Painting Ancient Egypt - Joseph Lindon Smith

June 6, 2022
Painting Ancient Egypt - Joseph Lindon Smith

AN EGYPTIAN WOOD FIGURE OF A MAN
New Kingdom, 18th Dynasty, circa 1550- 1307 BC
Height: 20.5 cm

Provenance
Joseph Lindon Smith (1863 - 1950), New Hampshire, USA, acquired before 1950
Christie's, New York, 18 December 1996, lot 59

 

This beautiful Egyptian wood figure in the form of a young man was once in the collection of Joseph Lindon Smith (1863-1950). Lindon Smith is today remembered as one of the most magnificent painters of Egyptian archaeological sites and artefacts.

 Joseph Lindon Smith reproducing an Egyptian bas relief, ca. 1940 

 

Joseph Lindon Smith, Abu Simbel, 1899-1900
Harvard Art Museums/ Fogg Museum, inv.no. 1954.158

 

Already a successful portrait painter from Boston, Joe had spent many years visiting Greece and Italy honing his talent and growing his reputation for capturing ancient art and architecture with marvellous accuracy. It was on these trips that he began to form a network of patrons, including Isabella Stewart Gardner.
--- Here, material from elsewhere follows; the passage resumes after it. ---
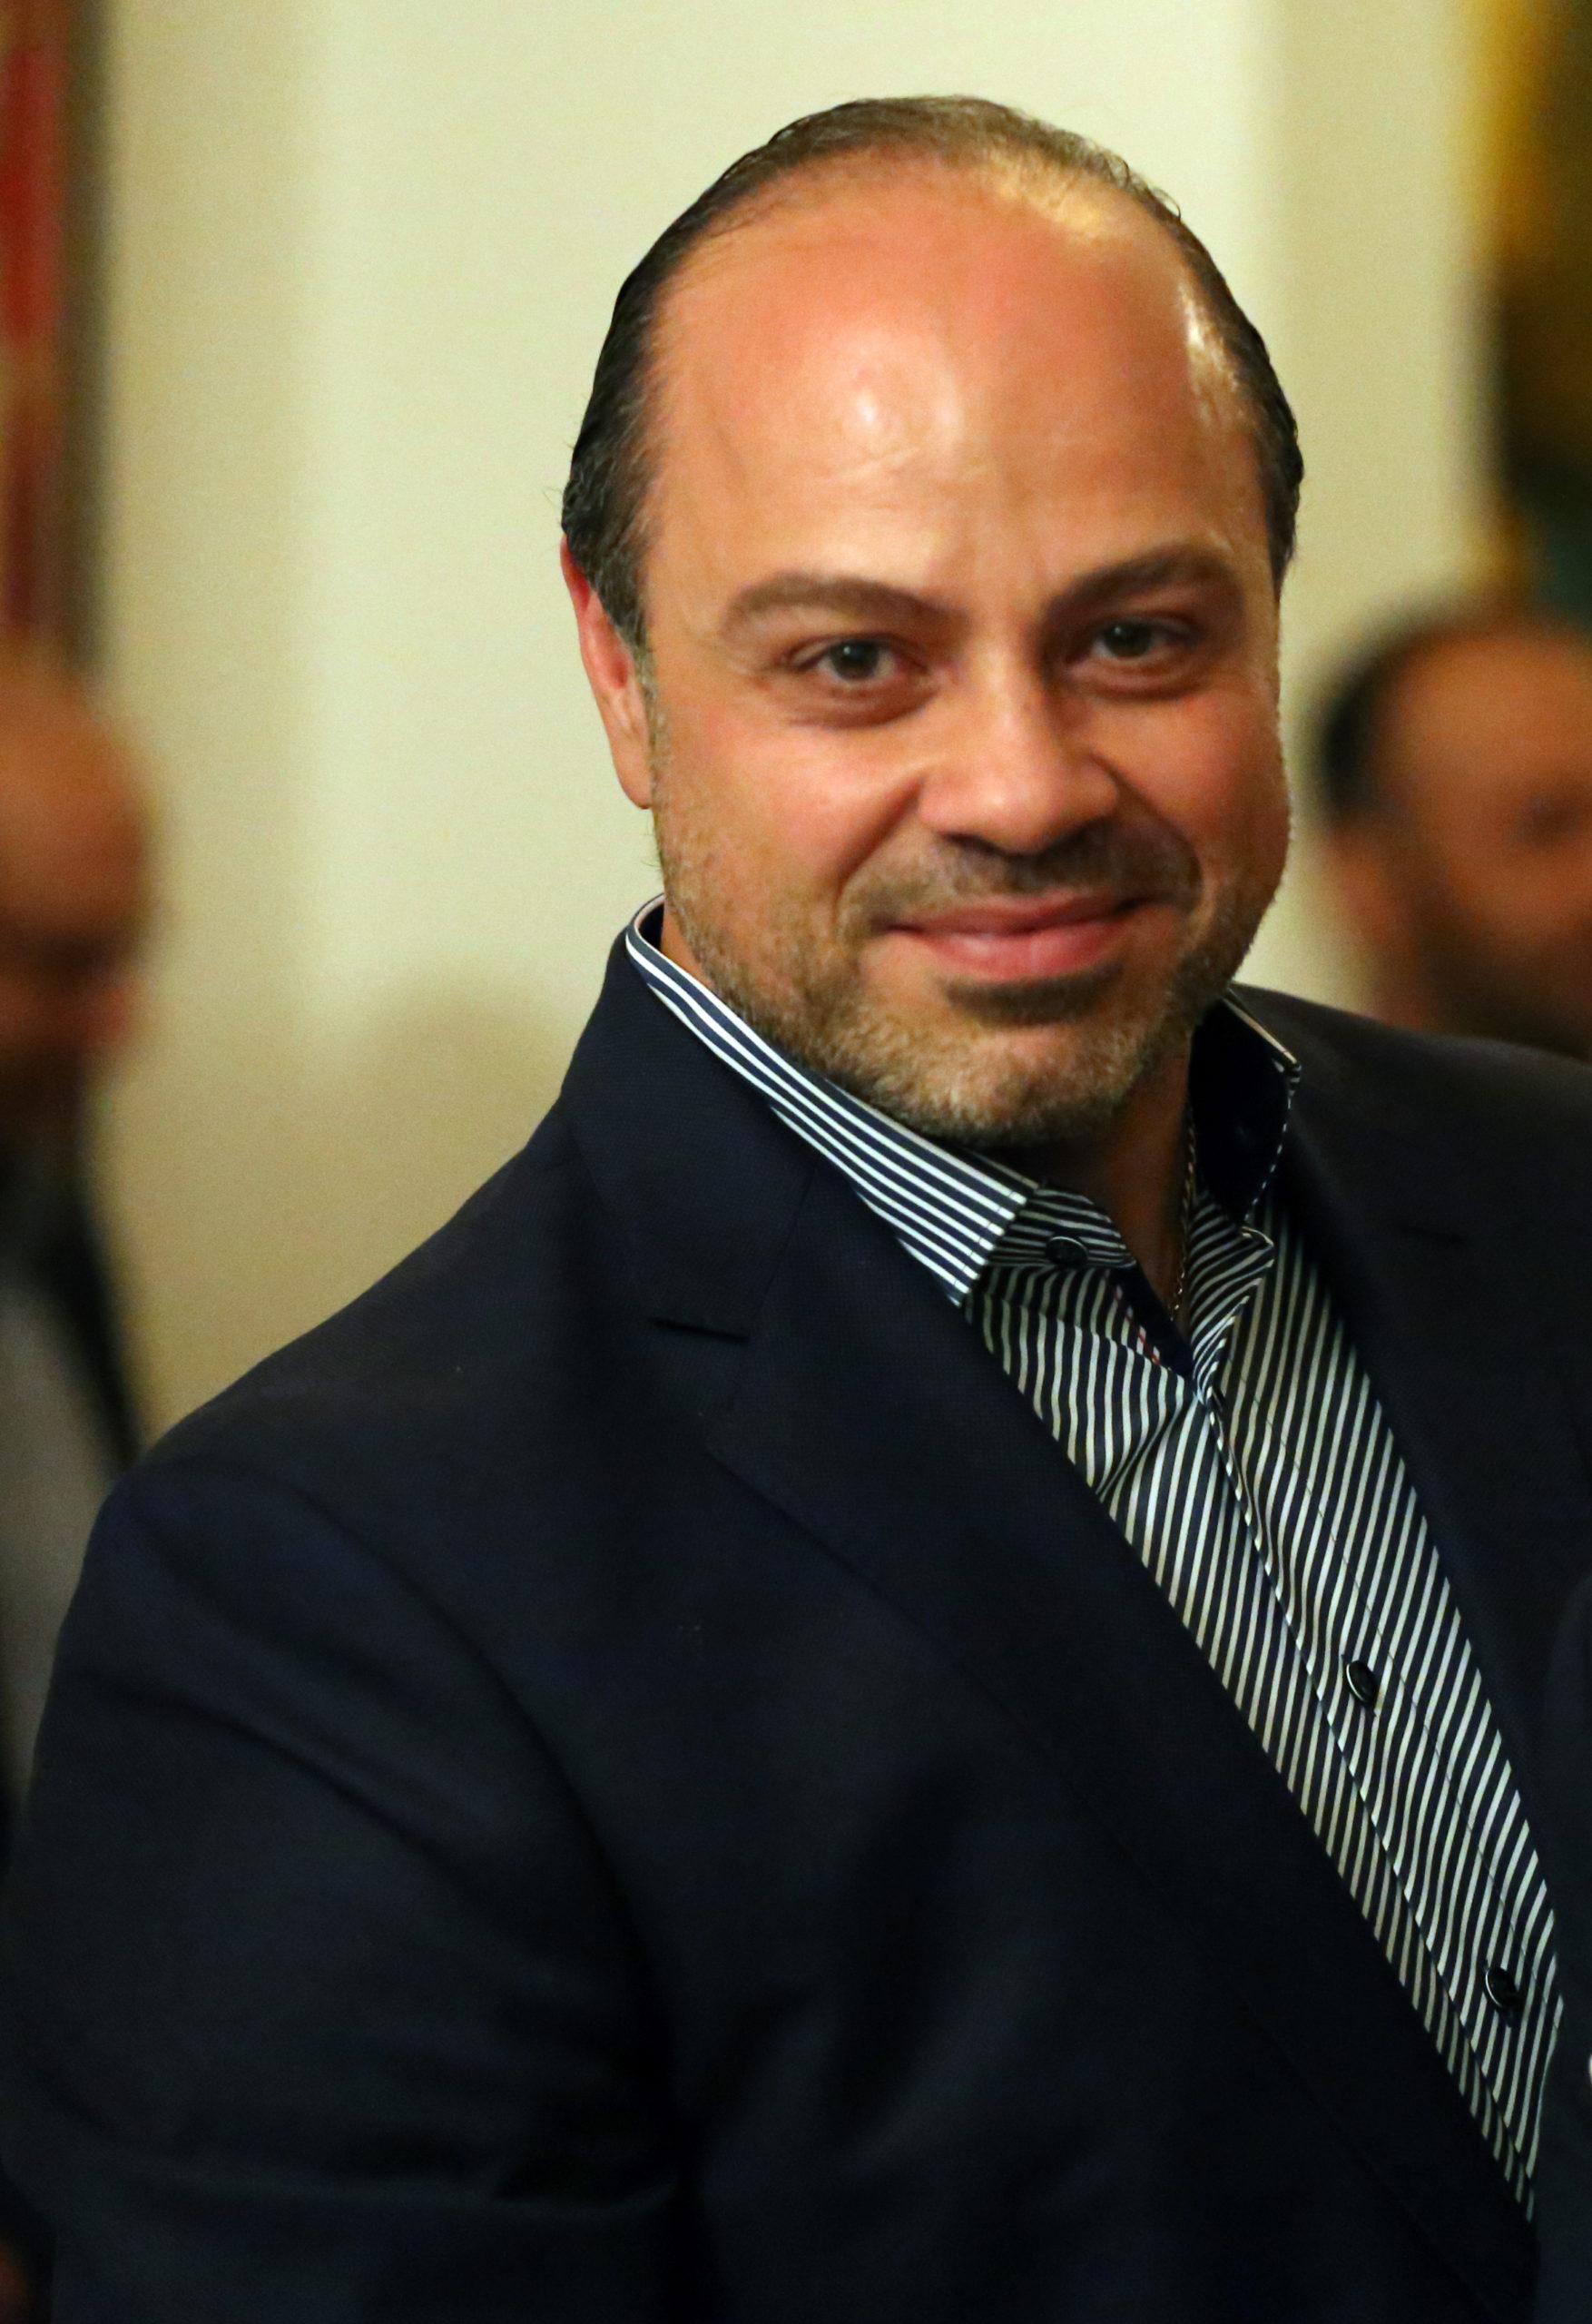 Ibrahim Osta, Chemonics International, DC, USA

In December 1898, he first travelled to Egypt and gazing upon the sphinx later wrote to his parent:

‘Nothing can be said or written which will give much idea of the feelings and thoughts the first sight of these stupendous things gives rise to. It is impossible to think of their makers as to realize the distance of stars or their sizes. I sat in the hot sand and looked into that battered, mutilated face...and imagined the scene if all who had ever looked at the Sphinx were seated there about me.'

 

Joseph Lindon Smith, Egyptian Relief - Incised Head, 1900
Harvard Art Museums/Fogg Museum, inv.no. 1926.33.186

 

Whilst painting the colossi of Ramses II at Abu Simbel, an elderly woman approached him and bought eight of his paintings. That woman was Phoebe Apperson Hearst, the widow of millionaire and senator George Hearst, the mother of William Randolph Hearst. and also patron to archaeologist George Reisner’s famous excavations in Giza. Reisner was struck by the beauty and incredible archaeological accuracy of Joe’s work. With the support of Hearst and Reisner, Joe began a glorious career and a lifelong love of Egypt which he shared with his wife Corinna who has a passion for Islamic culture and scholarship.

 

Joseph Lindon Smith, Wall relief from Tomb of Sibtah,

Valley of the Kings, Luxor, Egypt, 1905-1916
Rhode Island School of Design Museum, inv.no. 19.213

 

When Hearst proudly displayed Joe’s paintings to Reisner, he observed that Smith had “accomplished the impossible” by splendidly depicting three-dimensional relief carvings in a two-dimensional painting. Reisner noticed another factor that entranced him as much as it had Hearst: “Each painting was an archaeological record correct in detail, but beautiful as a picture.” In many cases, his paintings are an incredibly important surviving documentation of the colours and details of Egyptian antiquities, whose polychrome did not long survive the change of atmosphere. The work of Joseph Lindon Smith helps us bring Ancient Egypt to life once again.